The government still owns about three-quarters of Ally, formerly a GM unit known as General Motors Acceptance Corp. Mortgages made by ResCap led to huge losses for Ally, and it still owes the government $10 billion.

Ally would pay the Rescap estate $1.95 billion in cash and expects $150 million more to come from its insurers. The total proposed contribution is up from the $750 million it initially offered, which creditors lambasted as far too low.

BOON FOR BONDHOLDERS

The settlement could yield a profit for unsecured bondholders like Paulson & Co, which will receive $351 million or so, about 35 cents on the dollar for their roughly $1 billion in claims.

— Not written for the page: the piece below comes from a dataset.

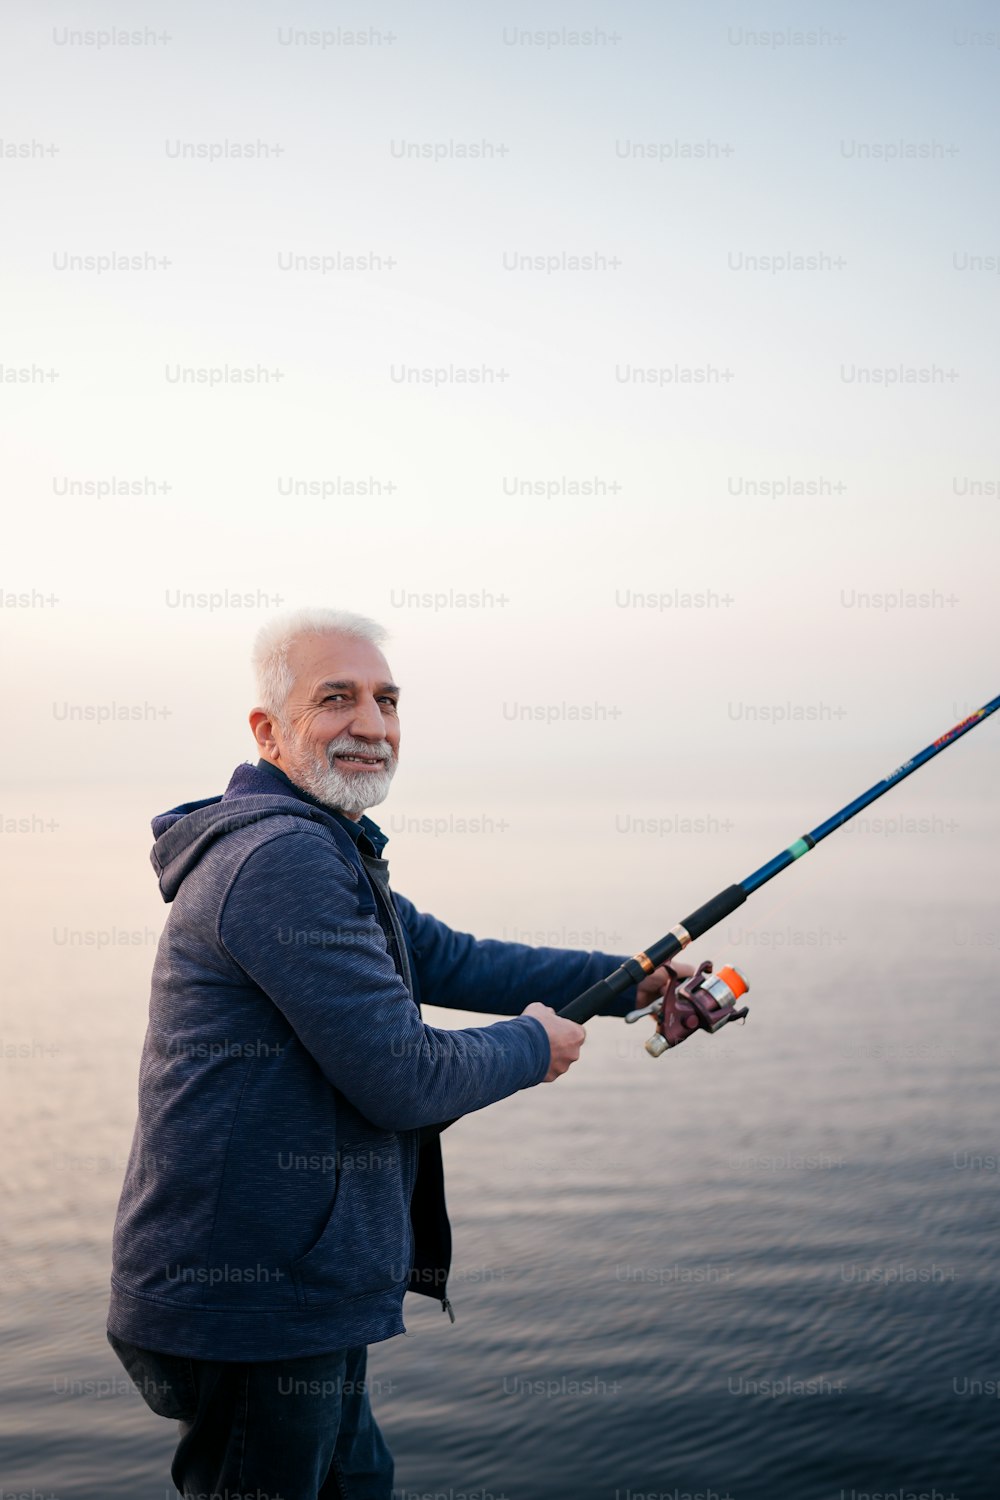 Un hombre parado en un bote sosteniendo una caña de pescar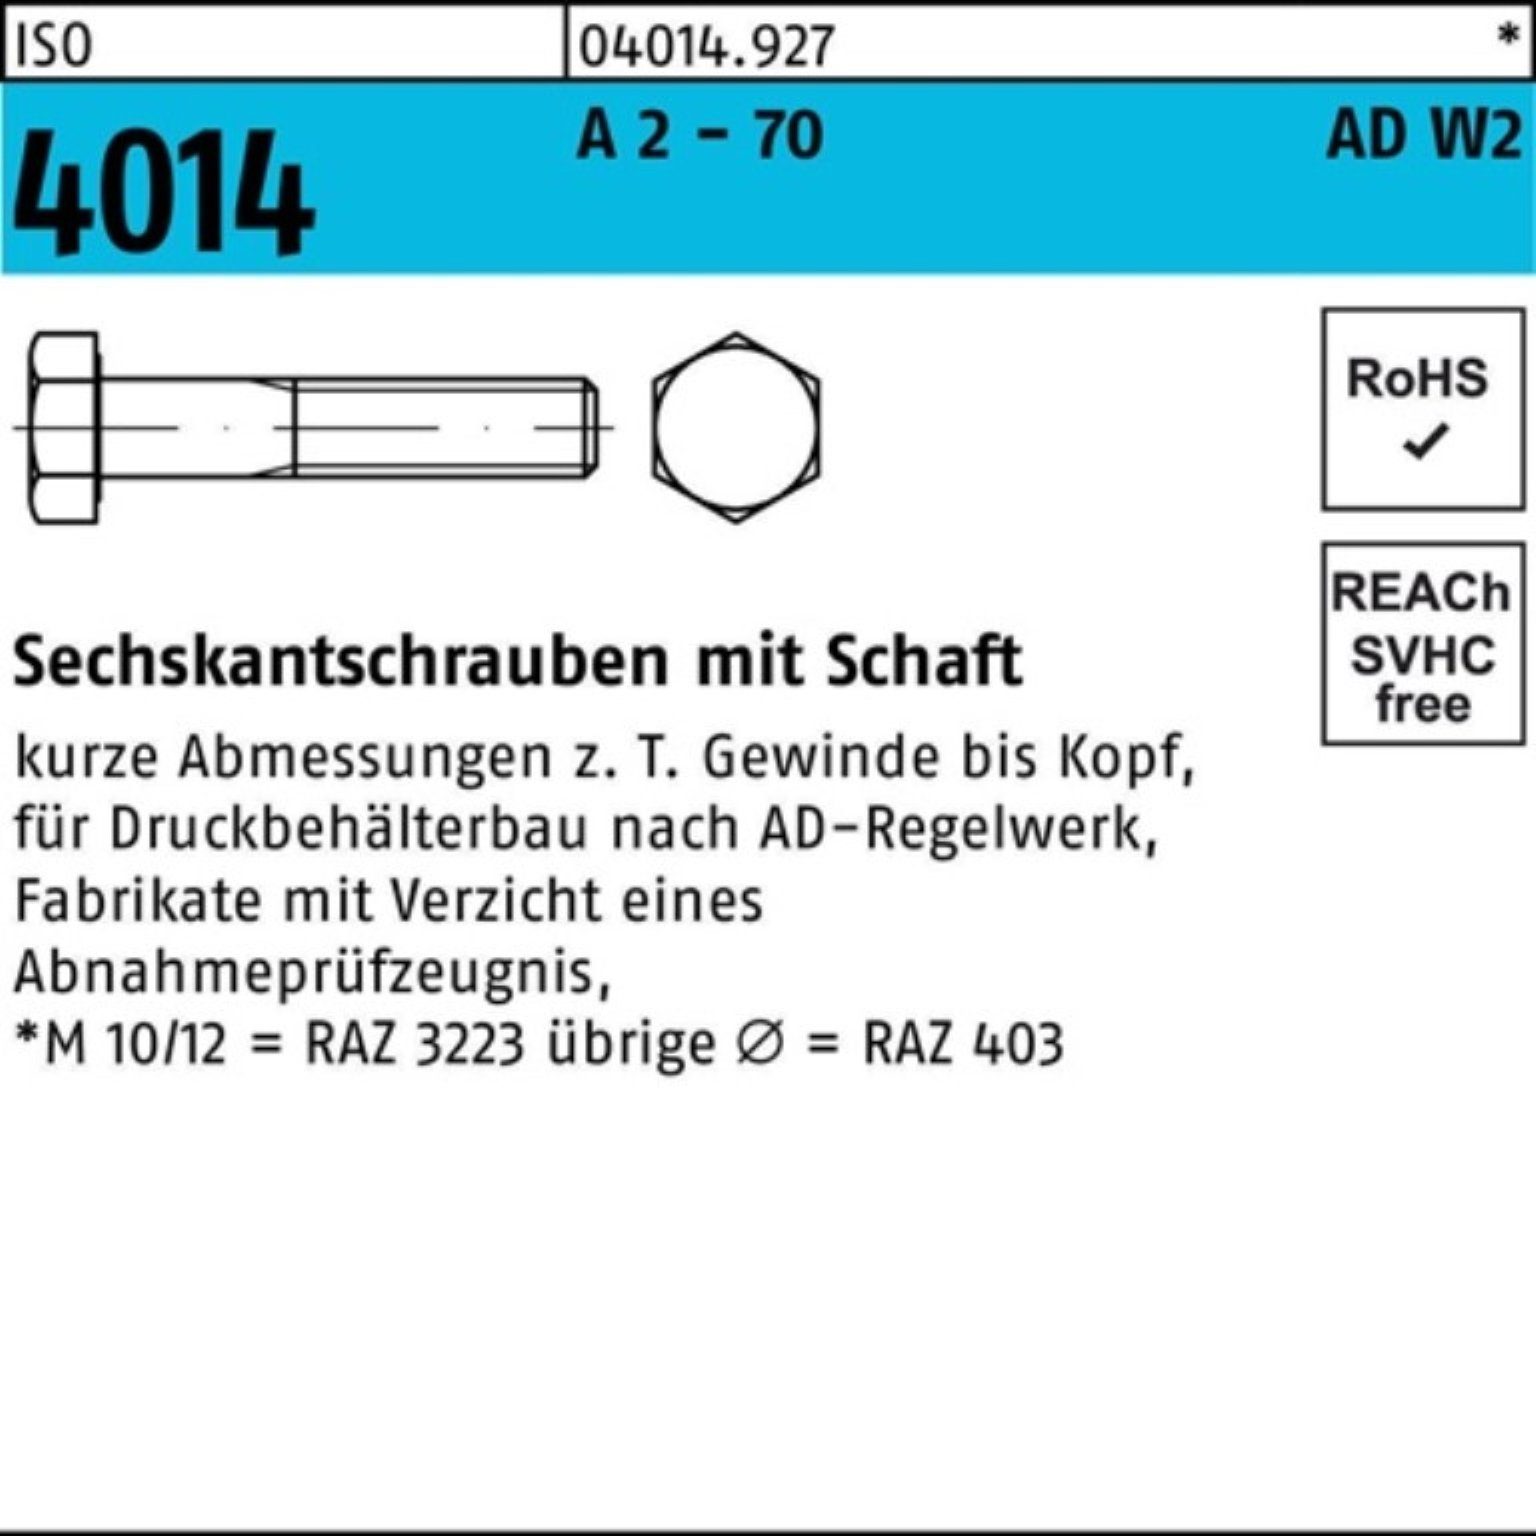 Sechskantschraube 2 4014 Sechskantschraube - Pack ISO 100er AD-W2 A Schaft 25 Bufab M20x 70 90

While Paulson has not disclosed what it paid for its stake, it likely acquired it at a discount, as the bonds were trading lower than 30 cents on the dollar last May, when ResCap filed for bankruptcy, according to bond tracking program TRACE.

MBIA and FGIC, which insured residential mortgage-backed securities issued by ResCap, stand to get a larger piece of the settlement pie, about $1 billion total. But they have had to pay billions of dollars in claims stemming from the failed securities and may have to pay more in the future.

Other bond insurers would get about $96 million.

Holders of residential mortgage-backed securities - of which there are more than 40,000 among 392 separate RMBS trusts - stand to recoup about $672 million.

The settlement also resolves litigation including a securities class action led by the New Jersey Carpenters Health Fund, which would receive $100 million. A trust created for the benefit of other private securities claimants would receive $226 million.

The case is In re Residential Capital LLC, U.S. Bankruptcy Court, Southern District of New York, No. 12-12020.